### Task to complete
Repeat only the stretch of lines below that runs from the line with "Happy 77th birthday" through the line with "The CBH Group", unaltered.

### Material to process
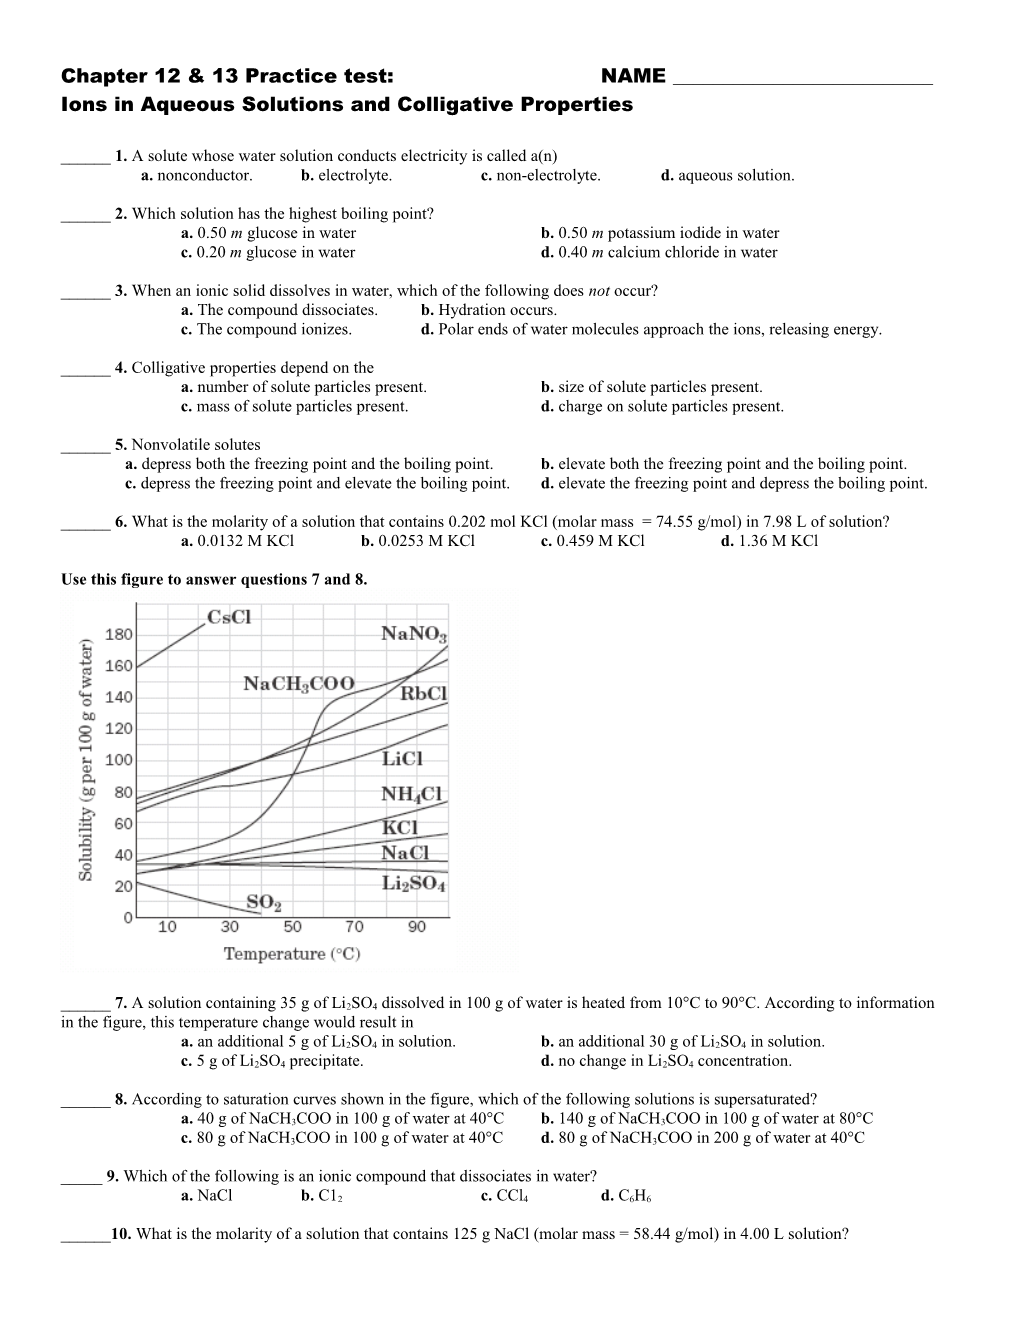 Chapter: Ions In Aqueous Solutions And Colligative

---

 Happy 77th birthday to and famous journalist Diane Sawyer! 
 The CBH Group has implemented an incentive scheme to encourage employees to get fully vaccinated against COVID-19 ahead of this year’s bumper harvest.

--

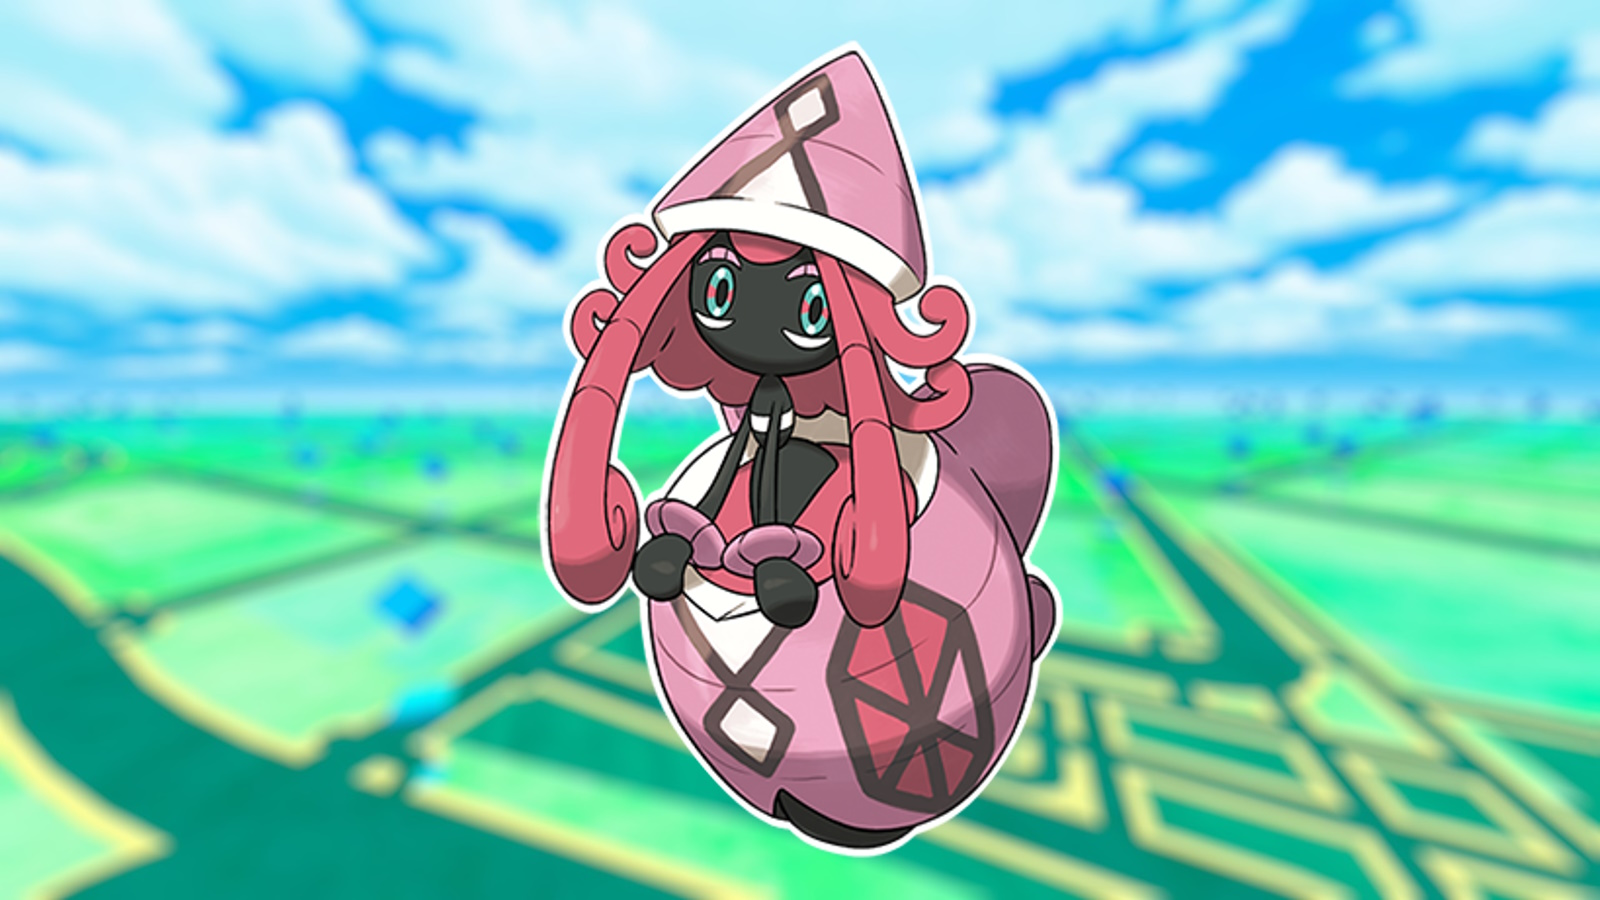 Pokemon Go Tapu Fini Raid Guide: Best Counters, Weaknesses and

### Answer box
 Happy 77th birthday to and famous journalist Diane Sawyer! 
 The CBH Group has implemented an incentive scheme to encourage employees to get fully vaccinated against COVID-19 ahead of this year’s bumper harvest.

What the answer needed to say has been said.